Illuminati celebrate election victory
Just hours after his re-election, Obama was taken in a black helicopter to Illuminati headquarters where he was greeted with applause and a banner saying ‘Way to go, mind-control puppet!’
An Illuminati spokesman said: “This is a great moment for America, or as it will soon be known, Population Containment Area 2.
“With Obama back in power we can continue our secret project to enslave humanity and put Illuminati symbols in obscure places where they will only be noticed by conspiracy wingnuts.
“We’ll probably force everyone to be tattooed with a barcode too, although that’s less of an issue now that all their personal details are on Facebook.”

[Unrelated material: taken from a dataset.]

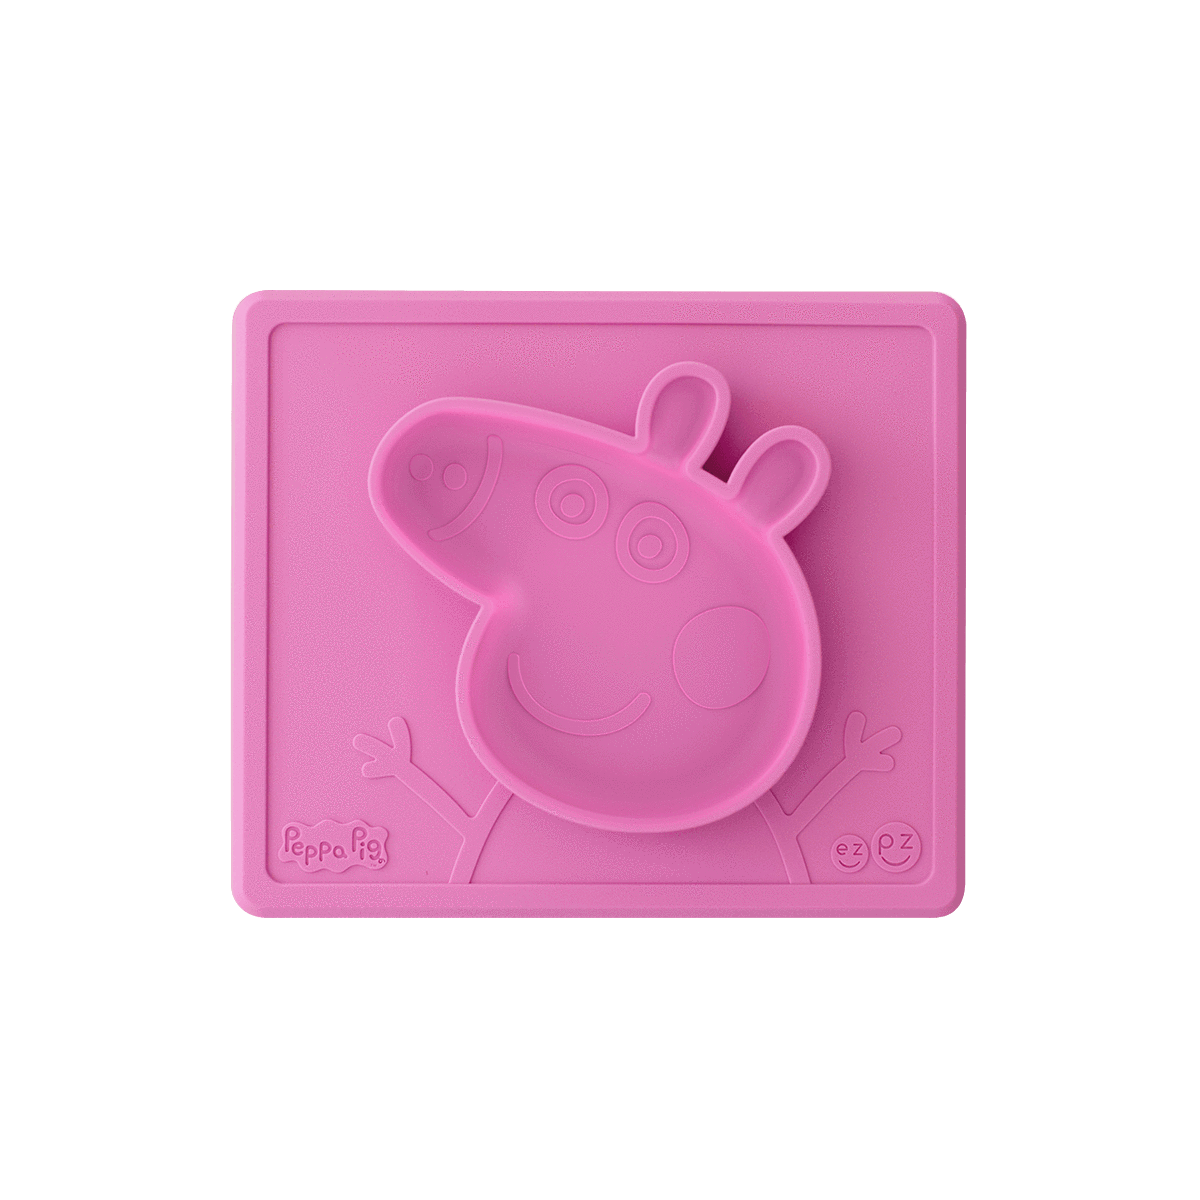 Peppa-Pig-Product-Template-main_1296x1296

Obama has dismissed the Illuminati’s existence as “conspiracy theory nonsense”, saying he wanted to concentrate on real issues such as the economy, healthcare and compulsory microchips for all Americans.
He said: “My proposal to make ownership of tin foil a capital offence has nothing to do with its microwave-blocking properties. I just happen to think clingfilm keeps your sandwiches fresher.”
Democrat voter Carolyn Ryan said: “As a liberal, I’m a bit disappointed that a vote for Obama was a vote for a secret network of concentration camps to exterminate undesirable elements in society.
“Still, anything’s better than Romney. Four more years!”